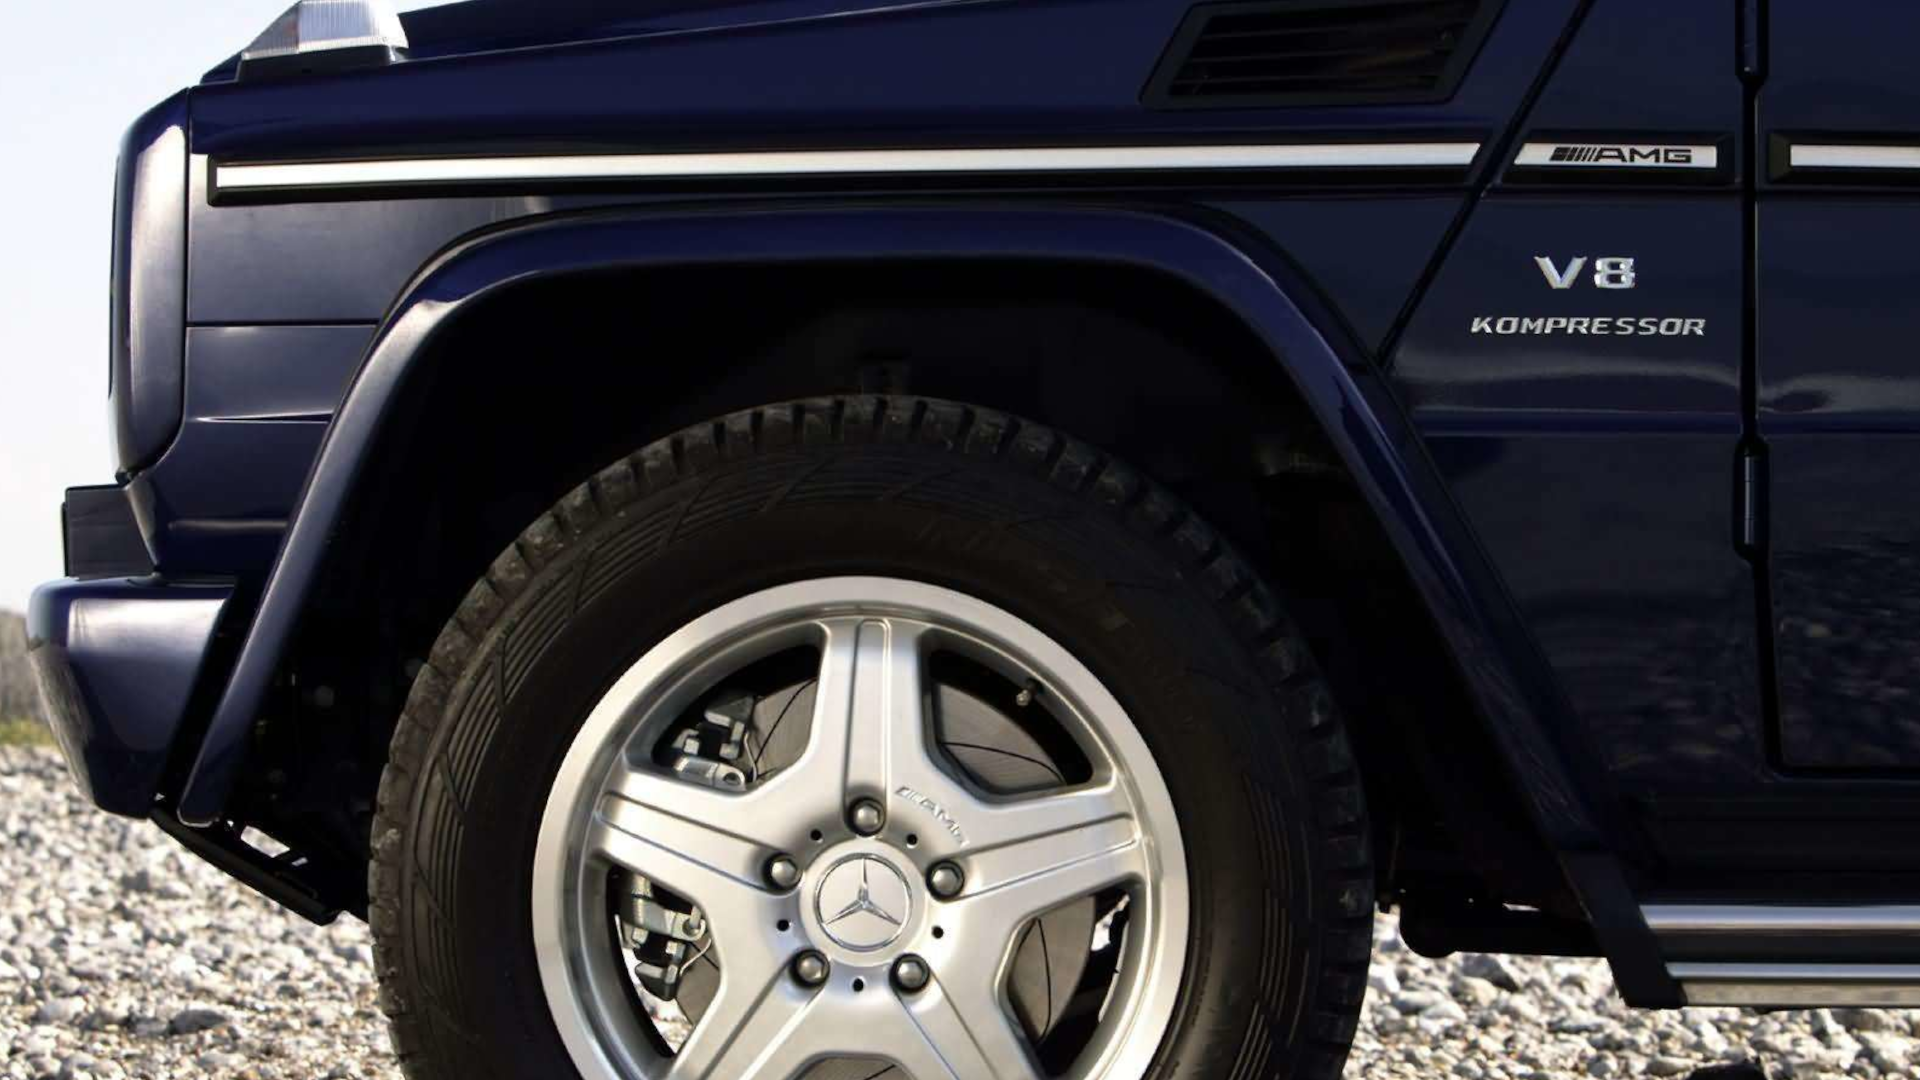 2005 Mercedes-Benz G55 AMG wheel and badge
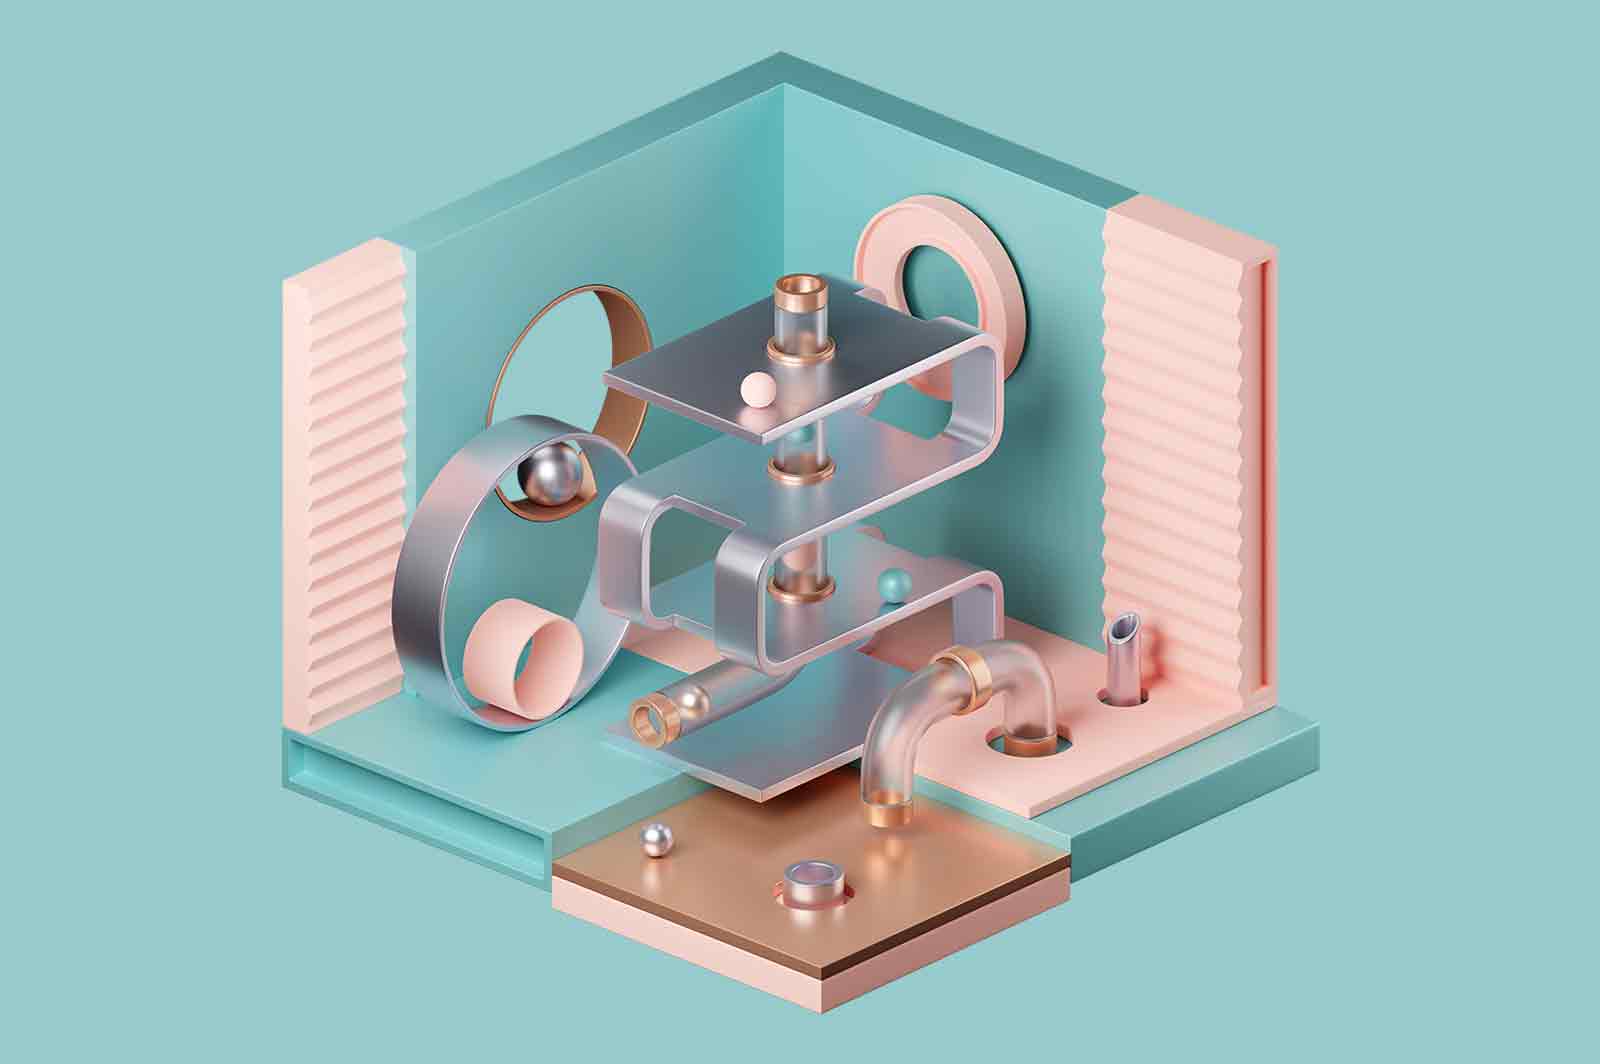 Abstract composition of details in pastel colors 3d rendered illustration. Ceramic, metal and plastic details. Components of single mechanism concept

+++

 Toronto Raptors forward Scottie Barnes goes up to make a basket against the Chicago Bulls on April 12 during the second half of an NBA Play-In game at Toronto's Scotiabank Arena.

+++

### [Task description]
Using the entries above, write out exactly the lines from the one with "2005 Mercedes-Benz G55 AMG wheel and badge" through the one with "Abstract composition of", ends included. Leave out any pictures.

### [Result for this exercise]
 2005 Mercedes-Benz G55 AMG wheel and badge
 Abstract composition of details in pastel colors 3d rendered illustration. Ceramic, metal and plastic details. Components of single mechanism concept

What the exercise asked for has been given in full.